What is being asked >> An exact restatement of the data is required, with the images omitted.

Collected material >>
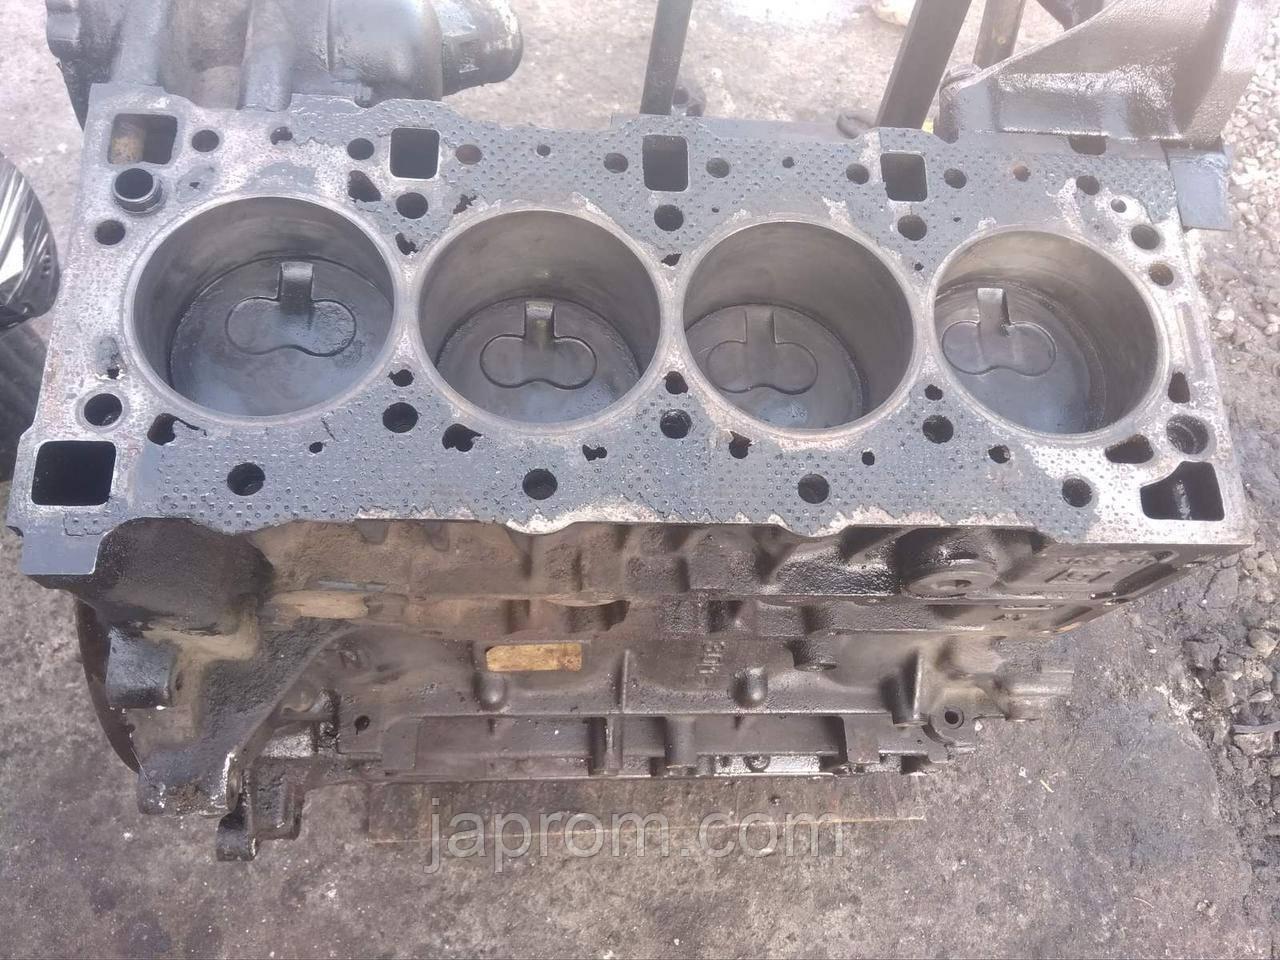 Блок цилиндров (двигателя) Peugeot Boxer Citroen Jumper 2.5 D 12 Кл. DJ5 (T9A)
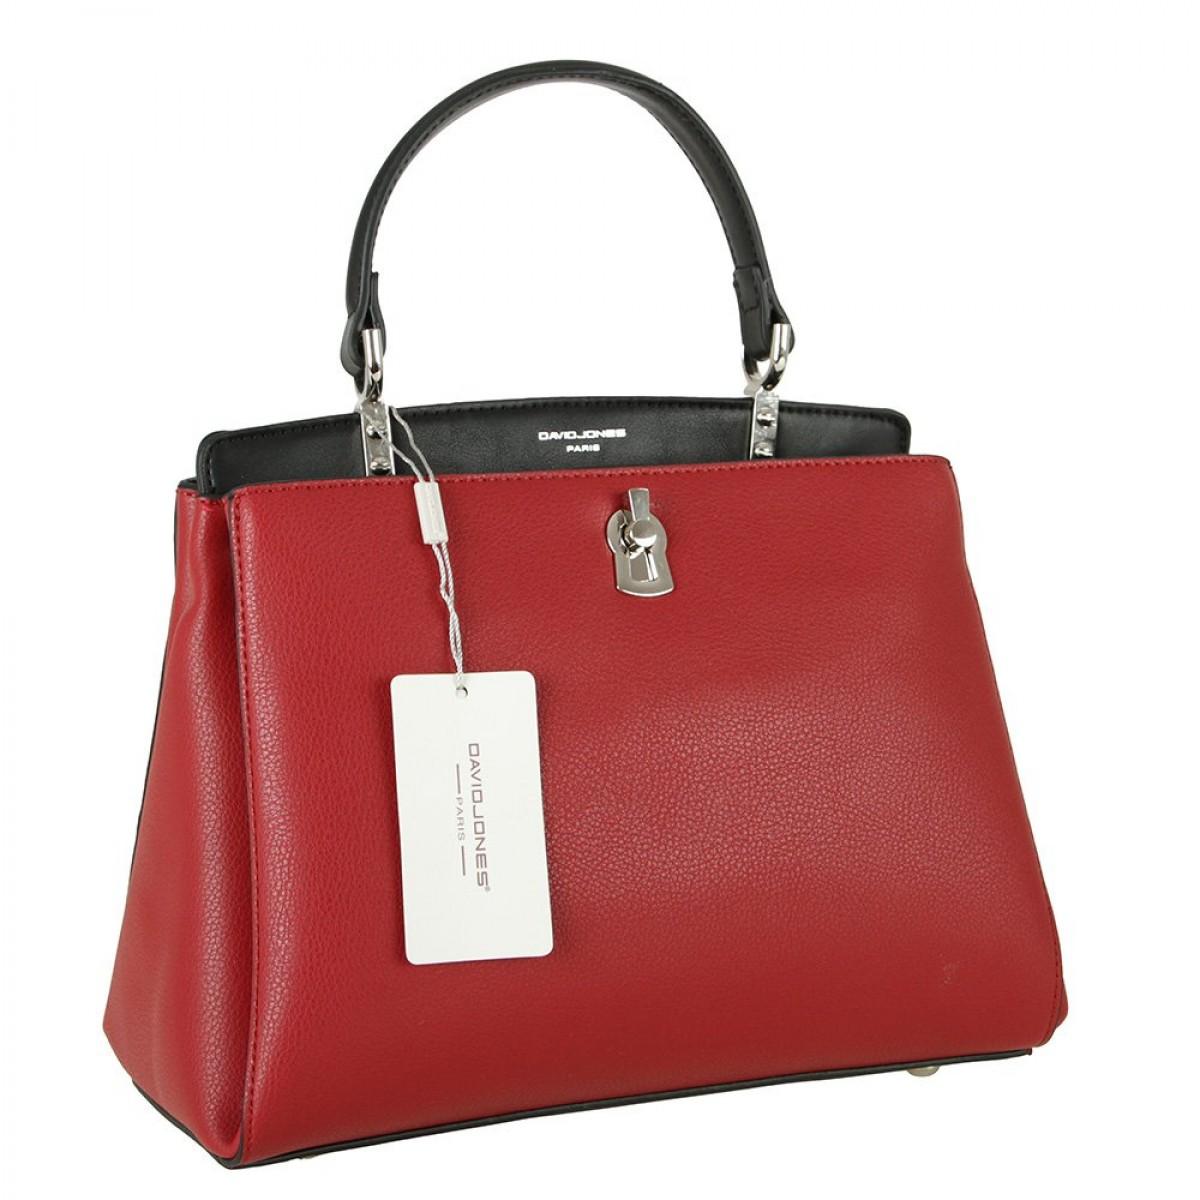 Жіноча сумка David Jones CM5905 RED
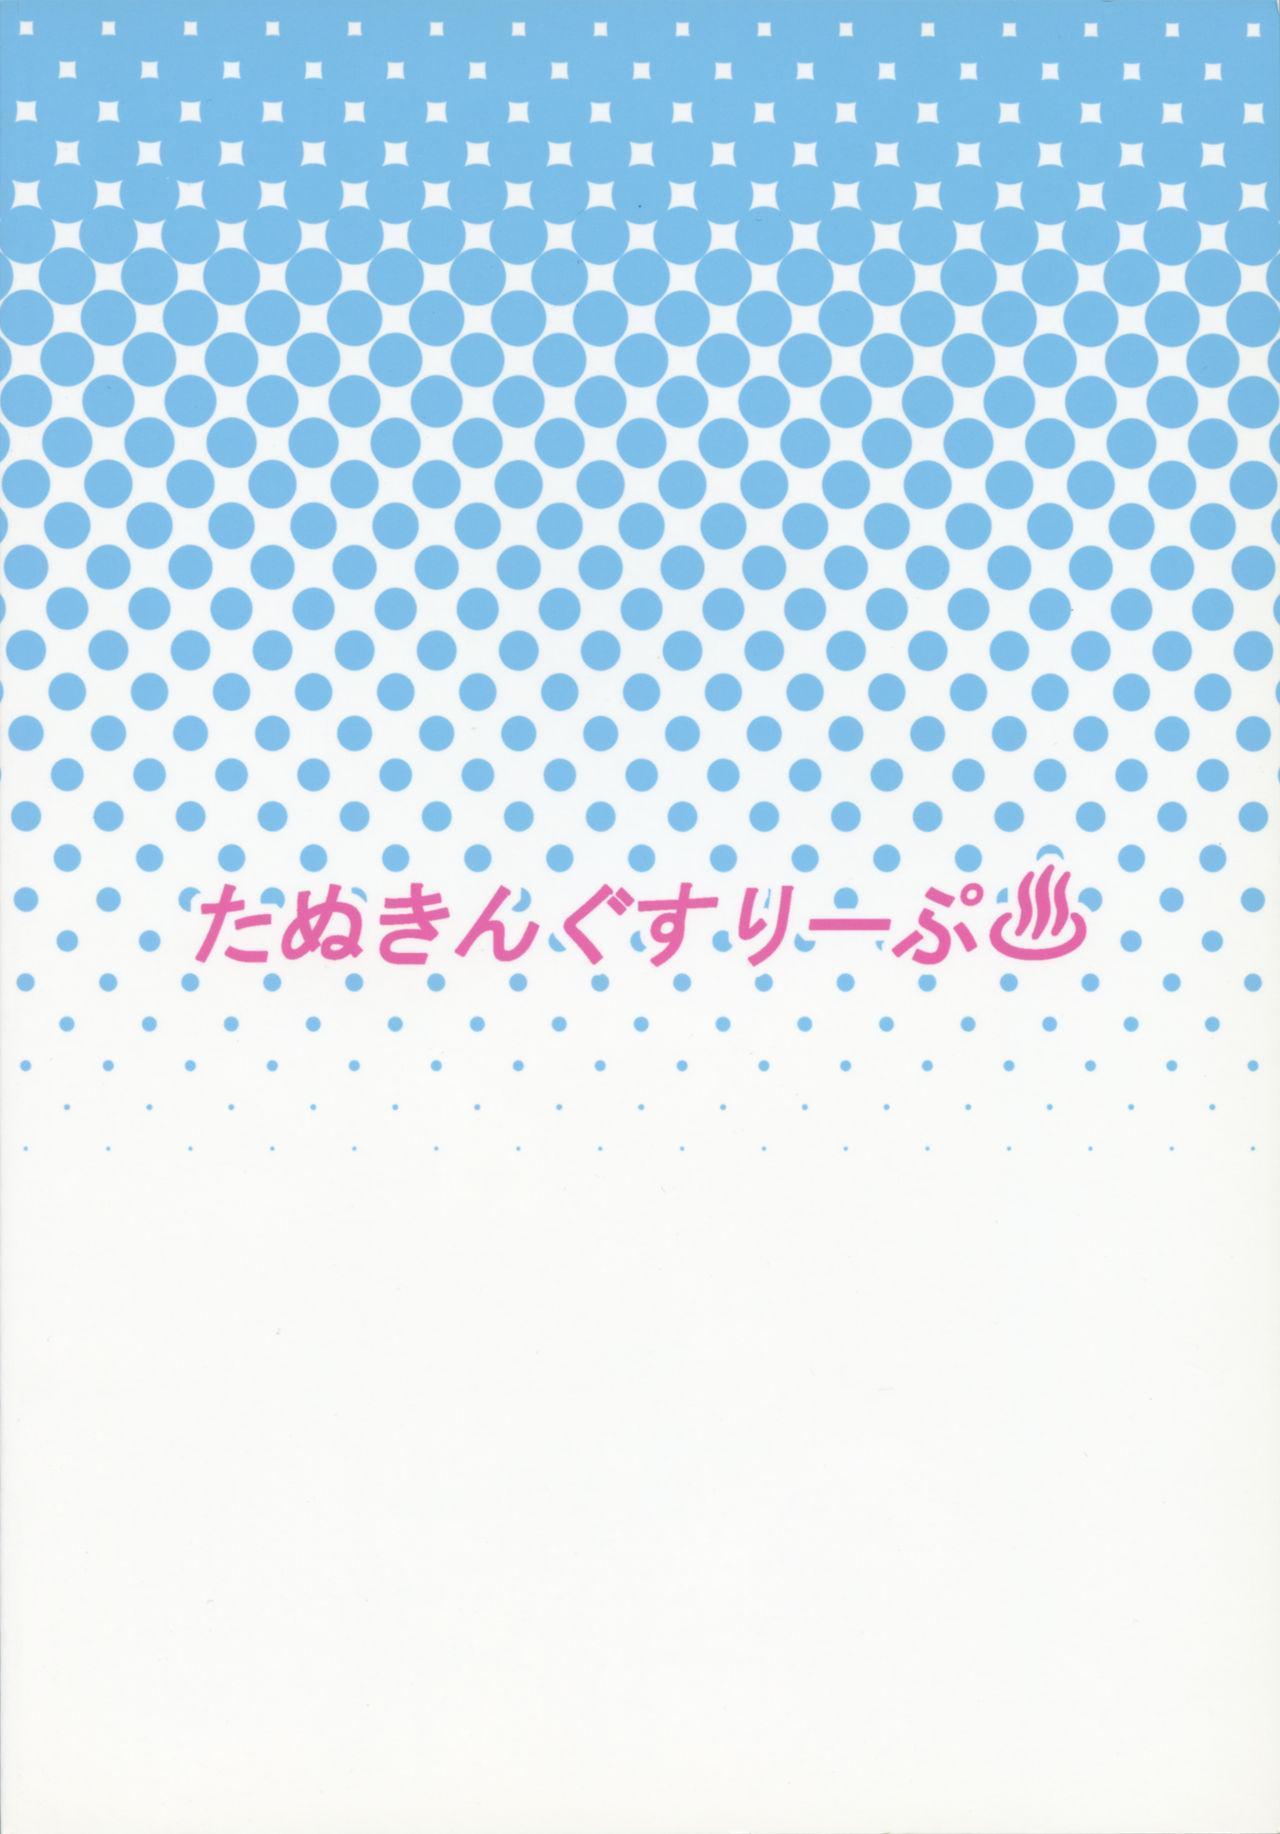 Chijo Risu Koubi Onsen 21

Answer area >>
 Блок цилиндров (двигателя) Peugeot Boxer Citroen Jumper 2.5 D 12 Кл. DJ5 (T9A)
 Жіноча сумка David Jones CM5905 RED
 Chijo Risu Koubi Onsen 21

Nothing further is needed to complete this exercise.